La P2 est délicate: oui, il est concevable que la relation entre les qualia et les états physiques du cerveau soit différente de ce qu'elle est réellement, tout ce que l'on doit imaginer c'est différentes propriétés physiques de la lumière, ou différents produits chimiques percevant la lumière tombant sur nos rétines, ou un type différent de transduction du signal dans le cerveau. Mais la partie cruciale de l'argument des qualia inversés n'est pas seulement que la relation entre les qualia et les états physiques pourrait être différente, c'est que les qualia pourraient être inversés sans changement physique du tout en ce qui concerne les choses en ce moment. Cela , je le maintiens, est impossible. En d'autres termes, nous pourrions certainement avoir des cerveaux câblés de manière à ce que ce qui semble rouge aux autres animaux nous semble vert, mais cela ne peut être accompli que par un changement physique dans le fonctionnement du cerveau (en effet, nous avons des exemples de quelque chose comme ceci: le phénomène ahurissant de la synesthésie).

Le P3, aussi attrayant que superficiel, est également très discutable. Je peux concevoir, par exemple, d'un univers avec différentes lois physiques, comme une constante gravitationnelle différente. Mais cela ne garantit pas qu'un tel univers soit possible: il peut y avoir de très bonnes raisons, inconnues des physiciens modernes, pour qu'un tel univers ne puisse réellement exister. C'est un domaine fascinant d'enquête, préoccupé par la relation entre la possibilité logique et physique. Mais c'est un territoire perfide, et si je n'étais pas physicien, je ne m'y prendrais pas trop. (C'est, bien sûr, pourquoi je n'achète pas les arguments idiots de David Chalmers au sujet des zombies et du difficile problème de la conscience.)
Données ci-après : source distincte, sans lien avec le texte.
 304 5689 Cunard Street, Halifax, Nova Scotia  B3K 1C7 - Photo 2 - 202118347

Qu'en est-il des conclusions, alors? De toute évidence, tout ce que nous devons faire est de réfuter l'un des trois prémisses et nous avons terminé, les conclusions ne suivent plus. Pourtant, je vais probablement acheter en C1, si nous le modifions ainsi: les qualia ne sont pas nécessairement identiques aux états cérébraux particuliers que nous avons. Différents états cérébraux pourraient générer les mêmes qualia, selon les voies complexes reliant les objets physiques dans le monde extérieur, leurs propriétés perceptibles, et l'histoire évolutionniste et la composition physique de nos propres systèmes perceptuels.
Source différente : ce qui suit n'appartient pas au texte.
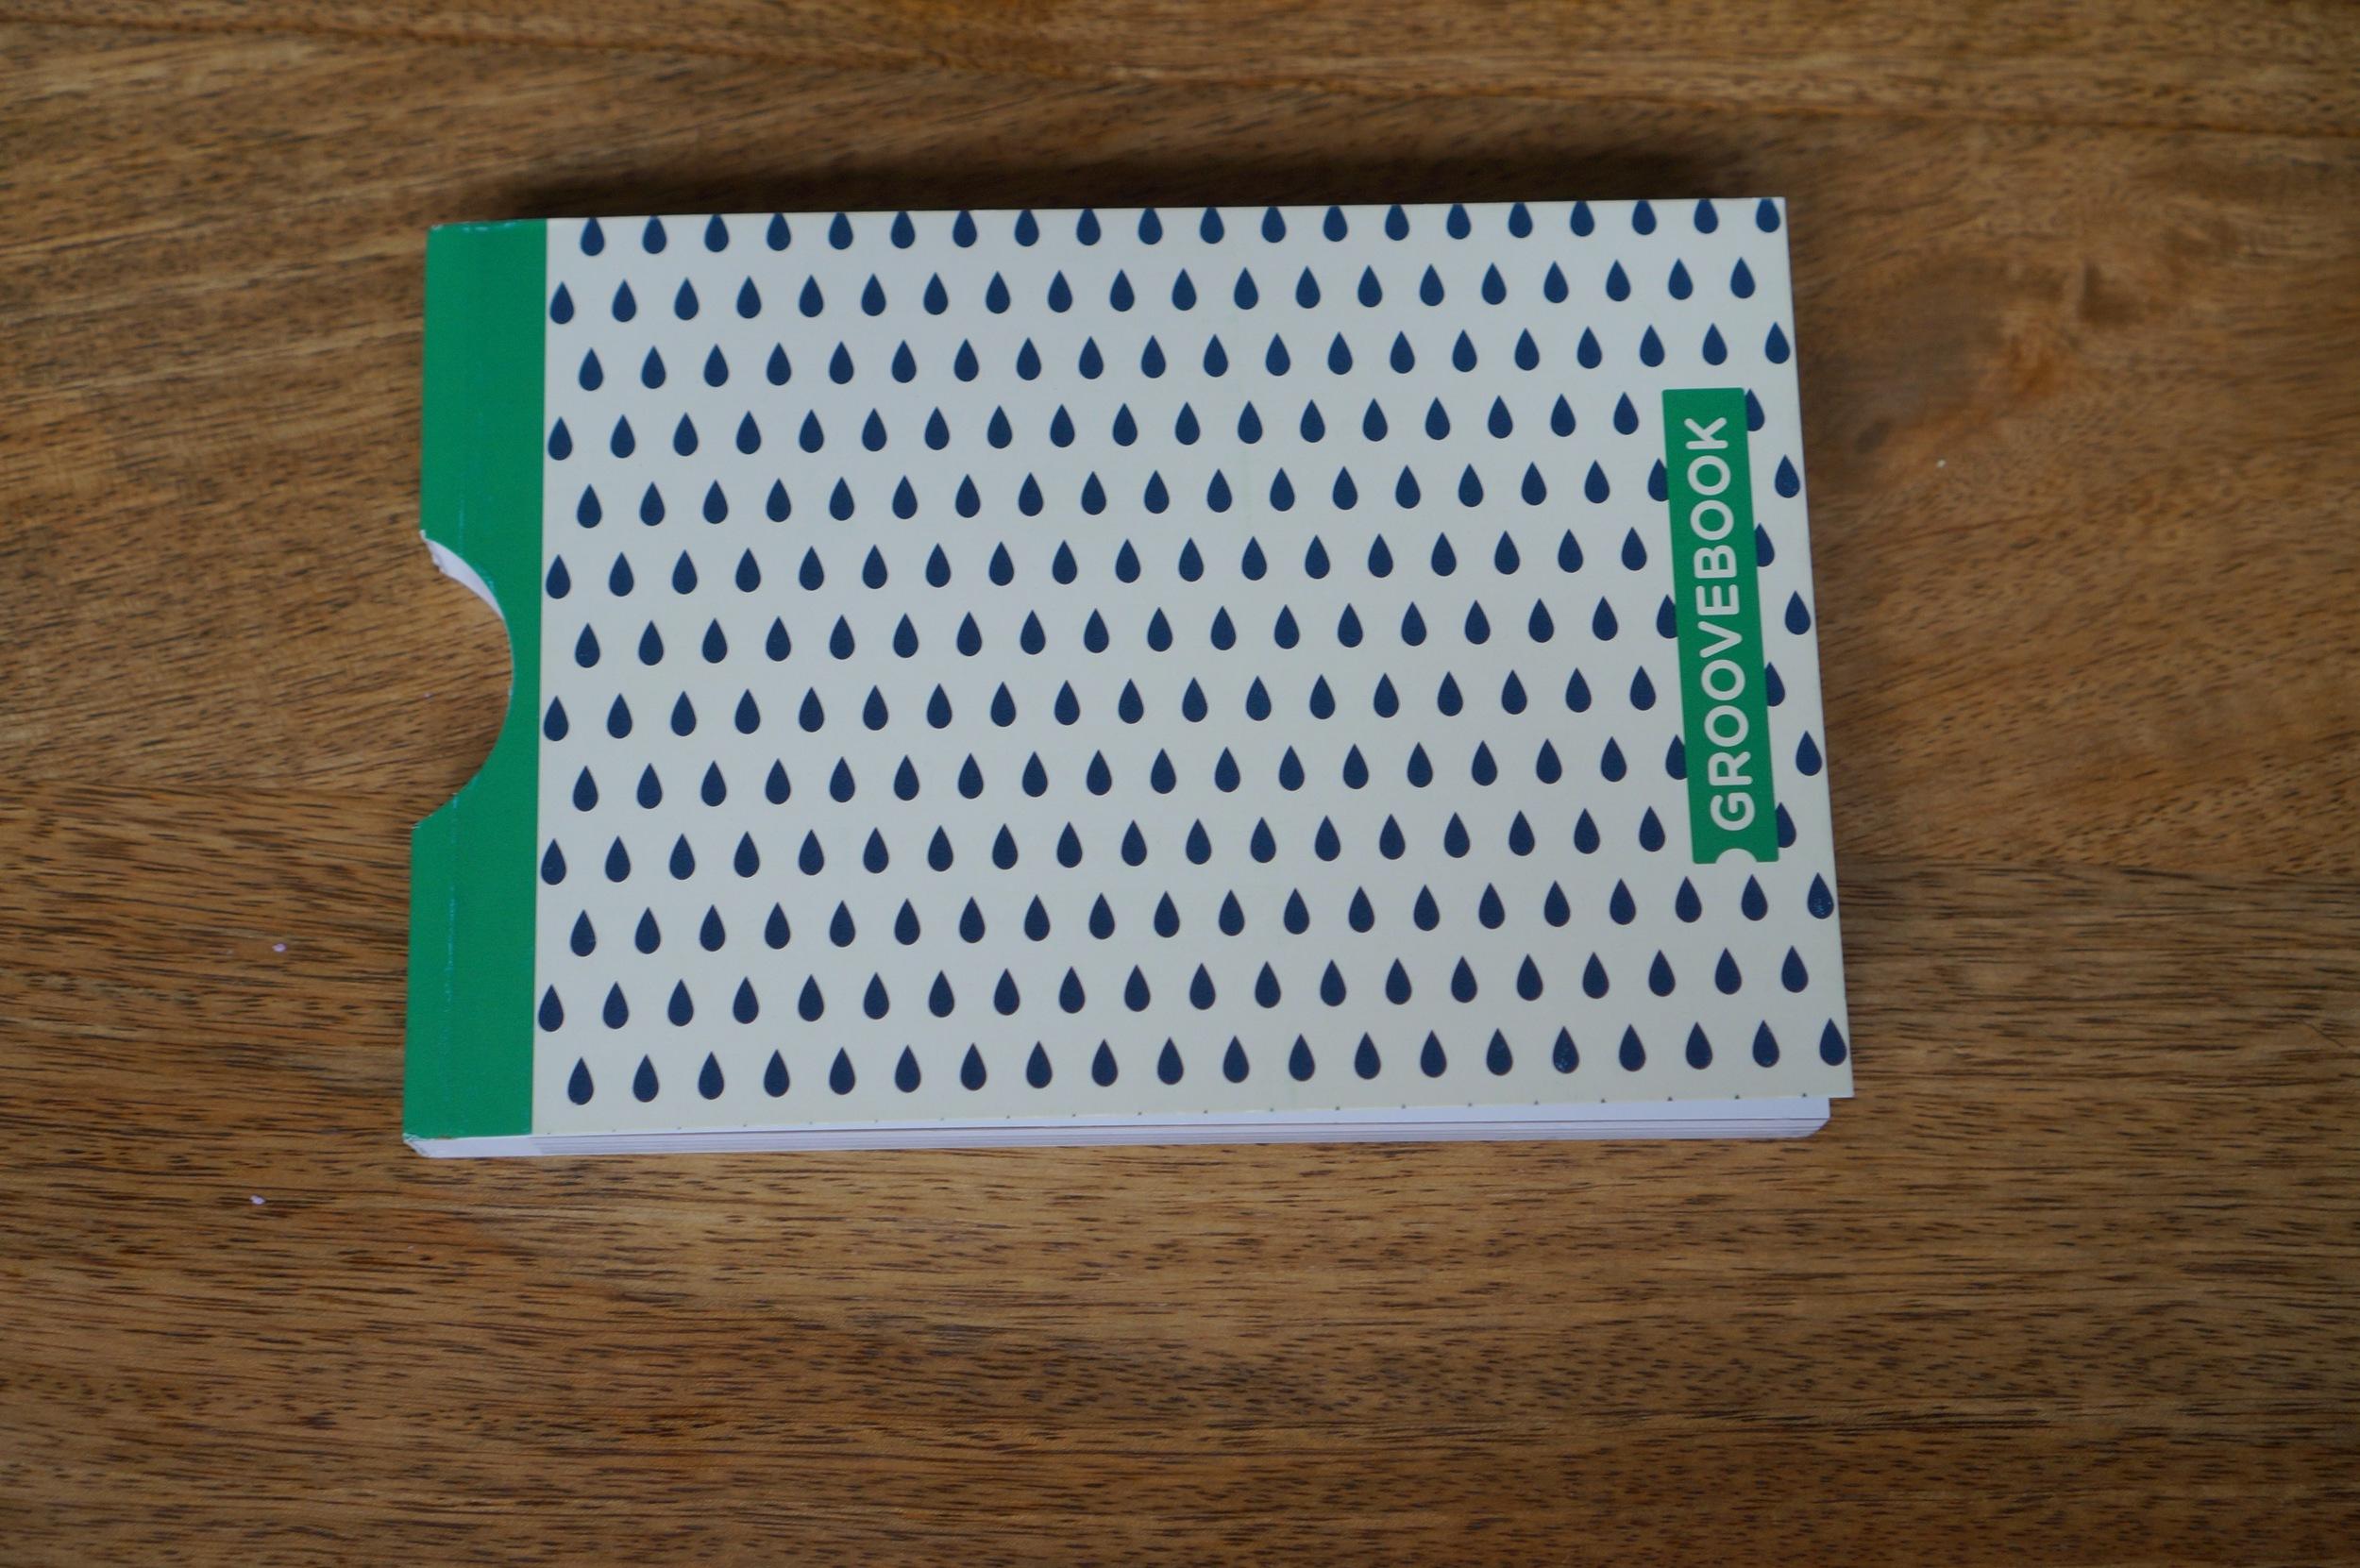 Groovebook: 4x6 album subscription, $2.99/month.

C2, d'autre part, je pense que c'est tout simplement daft: les qualia ne sont pas physiques? Vraiment? Alors pourquoi avons-nous besoin d'objets physiques, d'yeux physiques, de neurones physiques, et ainsi de suite, pour les percevoir? Modifier tout ce qui précède, et notre perception des changements de qualia, une très bonne raison de croire que les qualia sont en fait physiques. (De même, la position minimalement raisonnable sur la conscience est ce que certains philosophes appellent la «clause de non-ectoplasme»: cependant la conscience fonctionne, elle est ancrée dans un cerveau physique fonctionnel, éloigne le cerveau, vous n'avez plus de conscience.)
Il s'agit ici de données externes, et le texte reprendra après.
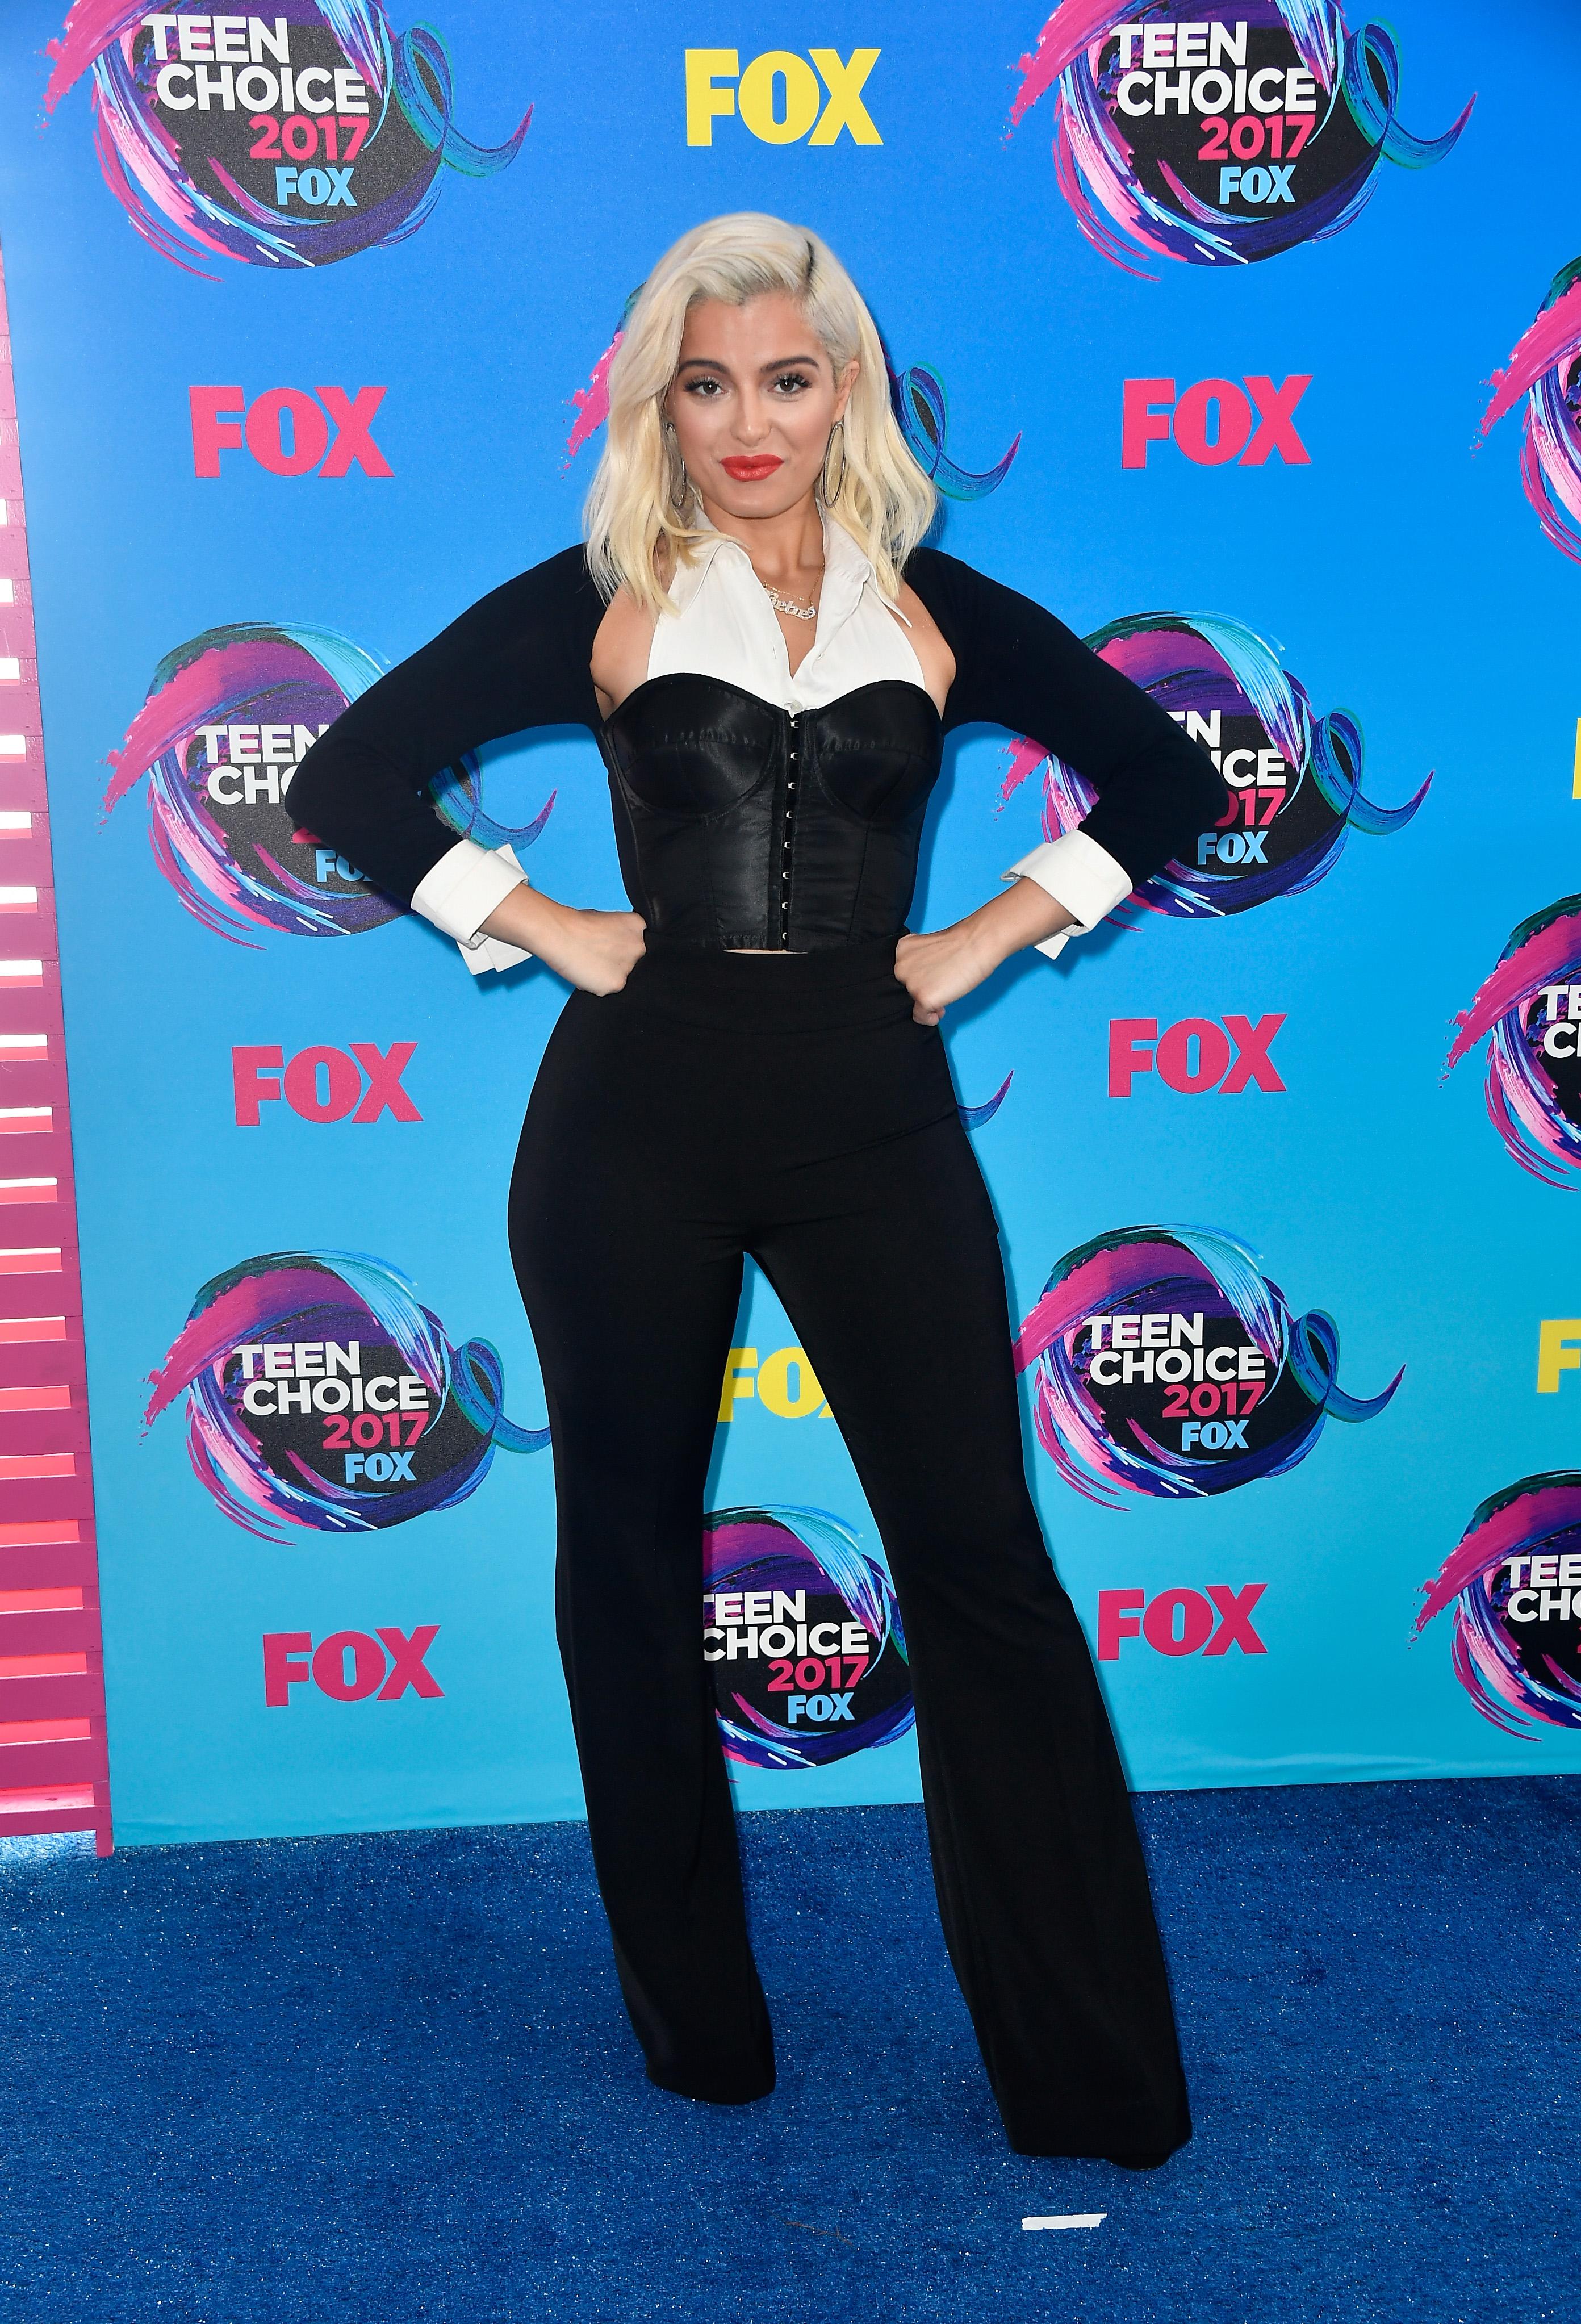 Teen Choice Awards 2017 - AUGUST 13: Singer Bebe Rexha

Donc, quel que soit le désaccord que Kripke et McGinn entretiennent avec les qualia inversés, je doute que cela soit important à long terme: les qualités secondaires sont de mieux en mieux expliquées par la neurobiologie et les sciences cognitives, et les philosophes devraient utiliser ces explications pour éclairer les nombreux débats intéressants. toujours ouvert dans la philosophie de l'esprit.